Program evaluation is a systematic attempt to collect and analyze data related to a specific educational program, curricula, or intervention. It may use any of the research methodologies described in the previous sections and should adhere to the standards described when implementing these methodologies. Program evaluation is described separately here for two reasons. First, there is a research community focused on program evaluation. Mertens 2005, Petrosino 2000, and Rog 1994 represent important works in program evaluation across many fields and will be useful to readers who want an introduction to program evaluation. Weiss 1997 is helpful for examining program evaluation specifically related to educational research and the use of theories behind educational interventions in designing program evaluations. The second reason program evaluation is considered in a separate section is the formation of the What Works Clearinghouse (WWC) and the response of the educational research community in the standards used by the WWC. The WWC was established by the federal Department of Education to locate and evaluate individual studies of the effectiveness of various educational programs to create summaries of the evidence collected on specific programs. The goal of this endeavor was to provide information to educational practitioners on the evidence of effectiveness for programs they are considering adopting. What Works Clearinghouse 2008 describes the evidence standards and process for evaluating programs and should be read by anyone who will use reports created by the WWC. The creation of the WWC has led to much debate within the education research community about standards for research and evidence of program effectiveness. Chatterji 2005 and Slavin 2008 provide contrasting perspectives on standards for evidence used by the WWC. Slavin 2008 in particular provides a critique of the WWC. Program evaluations should consider not only the overall impact of educational programs, but also the conditions under which program effects are achieved and whether the program is equally effective for all populations. Readers should read Honig 2009 for an examination of how to conduct evaluations that consider such issues.

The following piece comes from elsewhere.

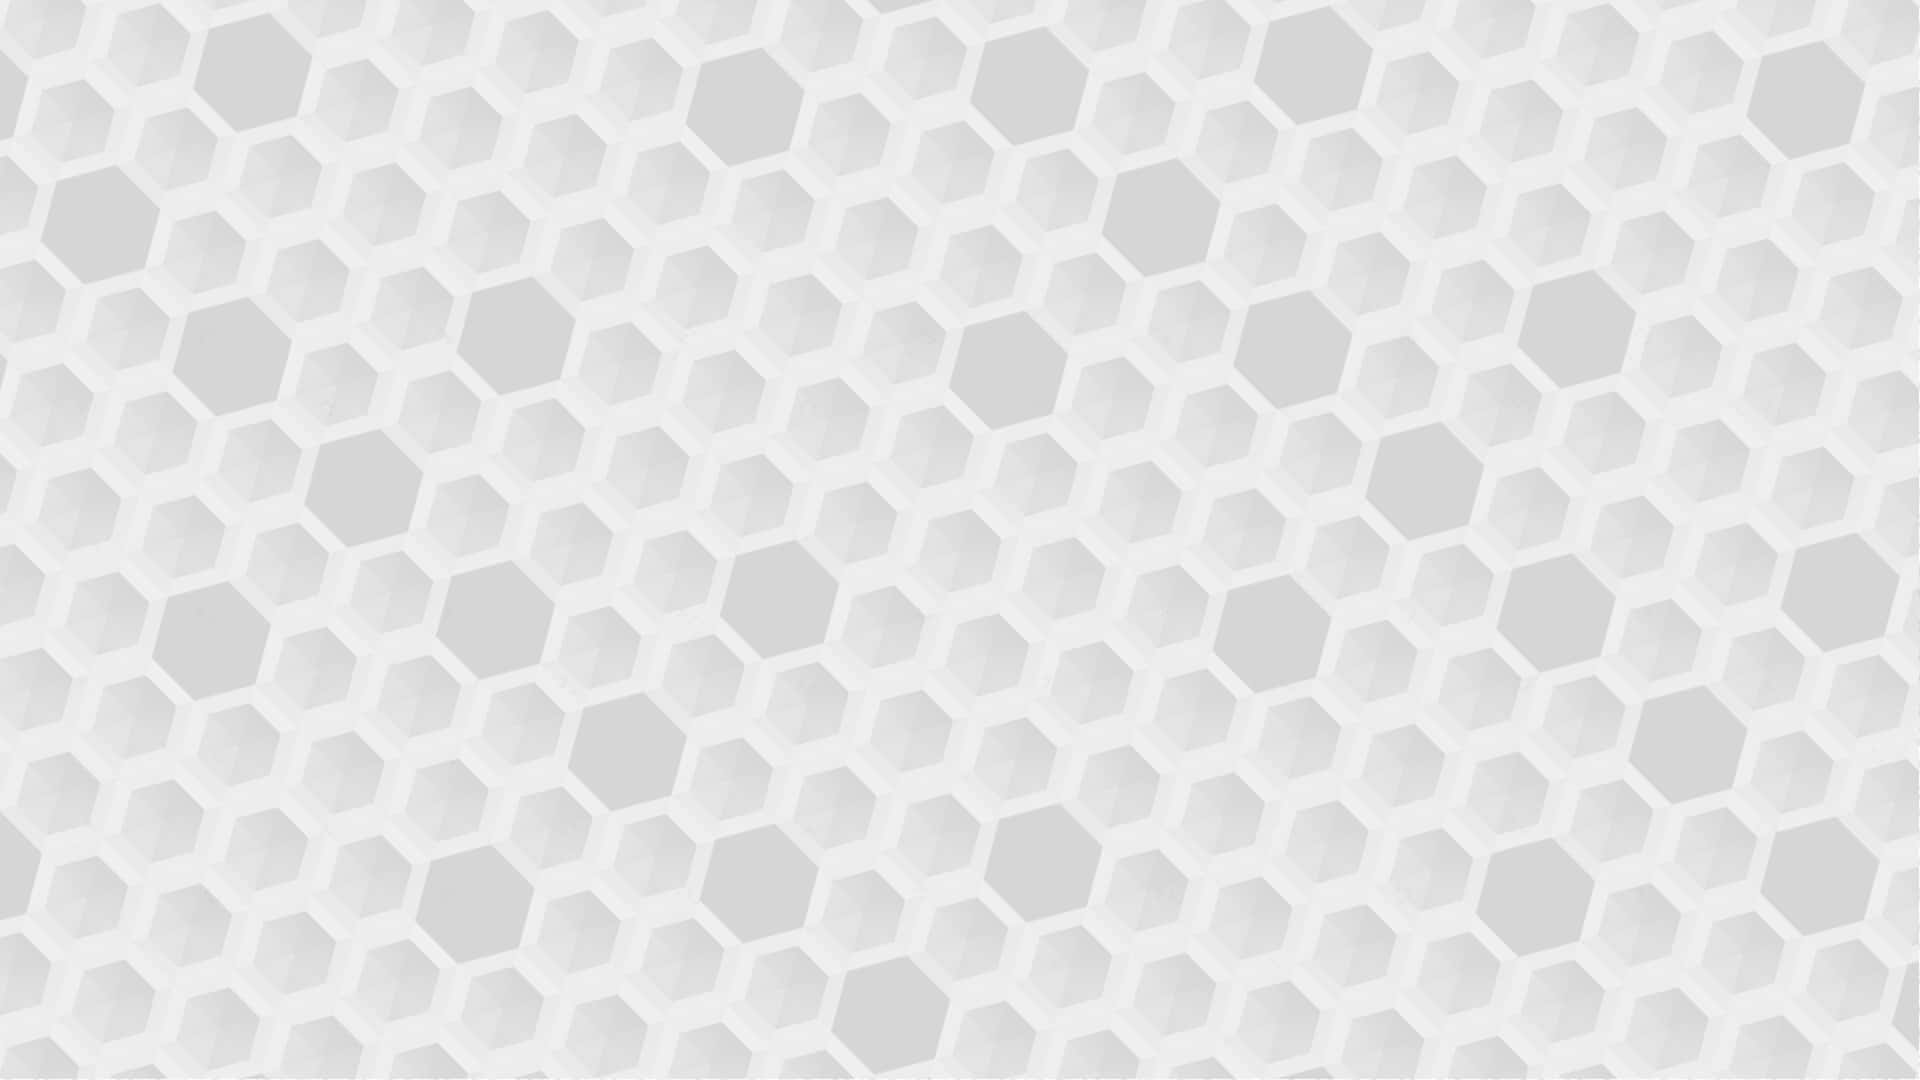 Bilddatorskapad Hexagon 4k Bakgrundsbild. Wallpaper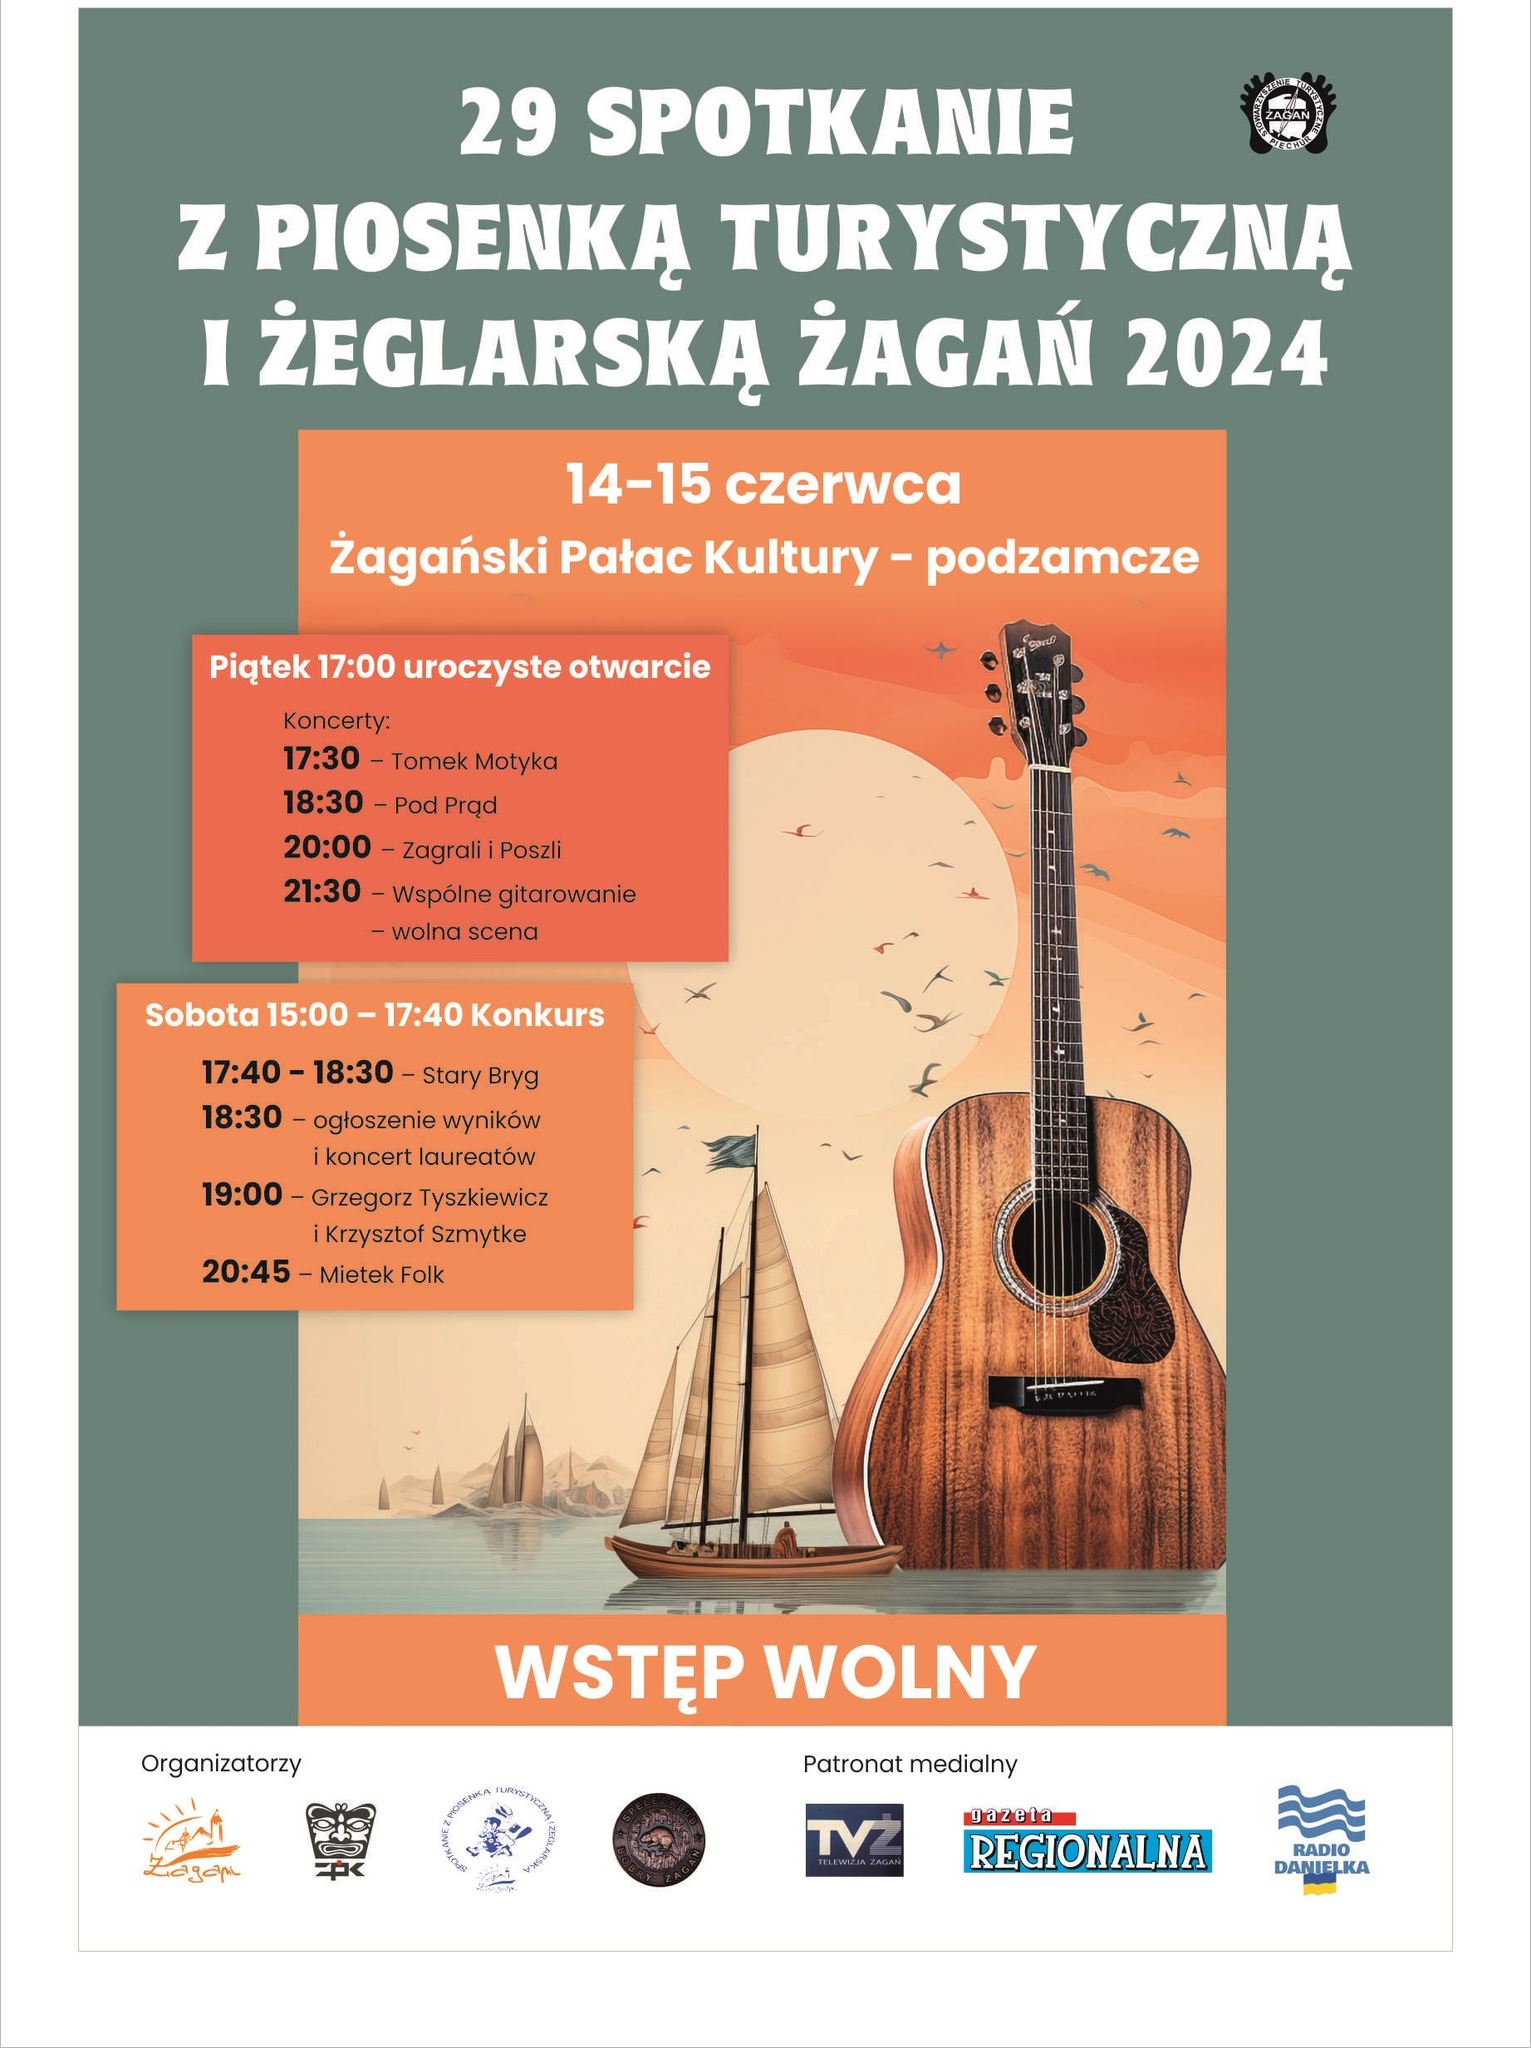 Spotkanie z piosenką turystyczną i żeglarską w Żaganiu Radio Zachód - Lubuskie

  • Chatterji, M. 2005. Evidence on “What Works” An argument for extended-term mixed-method (ETMM) evaluation designs. Educational Researcher 34.5: 14–24.

    DOI: 10.3102/0013189X034005014Save Citation »Export Citation »E-mail Citation »

    An overview of extended-term mixed-method evaluation designs, with a discussion of its guiding principles and theoretical rationale. The author argues that such designs are necessary for making generalized causal inferences in educational evaluations.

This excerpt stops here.